In Ariss, the employee worked at the same business for over 30 years. He was originally hired by DTM in 1986. DTM was sold to NORR in 2002. In June 2006, the employee requested to work 40 hours a week instead of his usual 35 hours a week and a corresponding salary bump. NORR and the employee came to an agreement – the employee was given a new longer workweek and a small raise, and in exchange, he signed a new agreement which, among other things, waived the employee’s entitlement to common law reasonable notice and included a termination clause which stated:

“[NORR] will provide notice of termination in writing to the employee in accordance with the Ontario Employment Standards Act.

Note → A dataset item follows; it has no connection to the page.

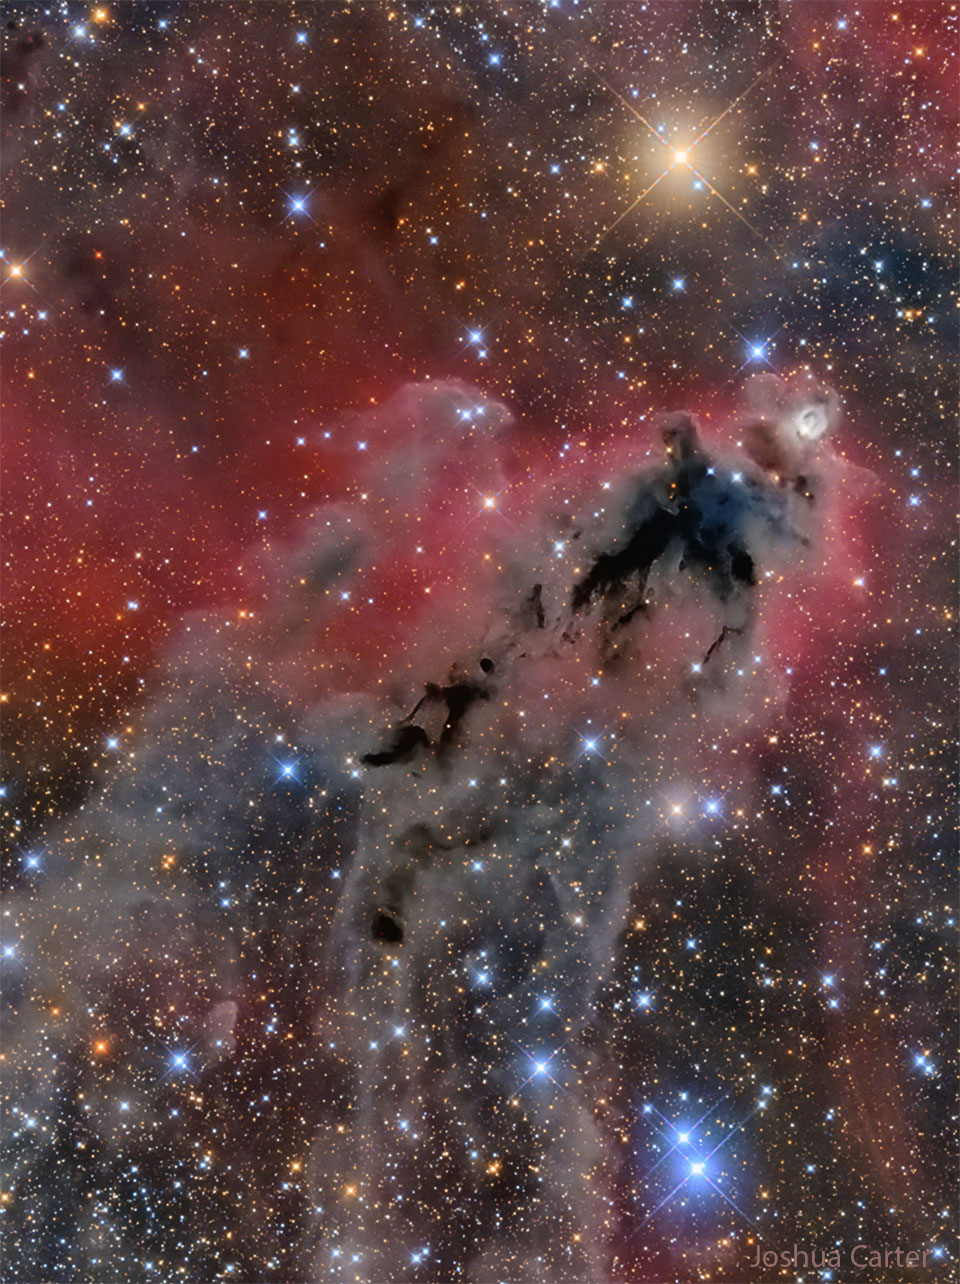 一张不祥的黑暗星云的图像，背景是红色发光的气体和许多明亮多彩的恒星。有关更多详细信息，请参阅说明。

The Employment Standards Act provides one week for every year of service to a maximum of 8 weeks.”

Everything went smoothly until 2013, at which time the employee requested to switch from full-time status to part-time status. NORR told the employee that it would only agree to switch him to part-time status if he first resigned from his current position, expressly waived all his accrued length of service, and accepted new part-time employment with NORR. The employee agreed – he resigned, purported to waive his accrued length of service, and began part-time employment with NORR.

In 2016, NORR terminated the employee’s employment. It paid him 3.5 weeks’ termination pay (ESA minimums for an employee with 3.5 years’ service), and did not provide him with severance pay because NORR took the position that his length of service was less than 5 years. The employee sued for wrongful dismissal, alleging that the purported resignation was contrary to the ESA and that he was entitled to common law reasonable notice.

At a summary judgment motion, the motions judge concluded, among other things, that the resignation was an illegal attempt to contract out of the ESA’s provisions governing length of service. Specifically, it was an “an entirely artificial attempt to create an interruption in employment when in fact there was none”. As such, the judge concluded that the employee’s length of service for the purposes of the ESA was the full 30 + years.

However, the motions judge concluded that the termination clause was enforceable. While the employee argued that the change in his status from full-time to part-time in 2013 rendered the 2006 termination clause inapplicable, the motions judge disagreed. Rather, the change in his employment status in 2013 was an amendment to the existing terms of his employment, which included the 2006 termination clause.

As such, the motions judge concluded that the employee was entitled to his ESA minimum entitlements based on 30+ years’ service – in this case, 8 weeks’ termination pay, and 26 weeks’ severance pay.

In the May 30, 2019 decision, the Court of Appeal upheld the motion judge’s decision, dismissing both the employee’s appeal and NORR’s cross-appeal. In so doing, the Court considered briefly the employee’s argument that the small raise given to him in 2006 was not “adequate” consideration to support the changes to the terms of his employment, including the new termination clause. It has long been a principle of contract law that courts should not weigh the adequacy of consideration, on the basis that we should leave the issue of whether a deal is “fair” to the parties to the deal. However, while the Court rejected the employee’s argument, it notably did not unequivocally confirm that traditional position. Instead, it held that the small raise requested by the employee was adequate consideration in these circumstances.

Arguably, this decision leaves the door open to the argument that, in the right circumstances, courts can refuse to enforce changes to the terms of employment if the deal wasn’t “fair” enough for one of the parties. That being said, the key takeaway from Ariss for employers is that you can’t contract out of the ESA, even if your employee appears willing to do so.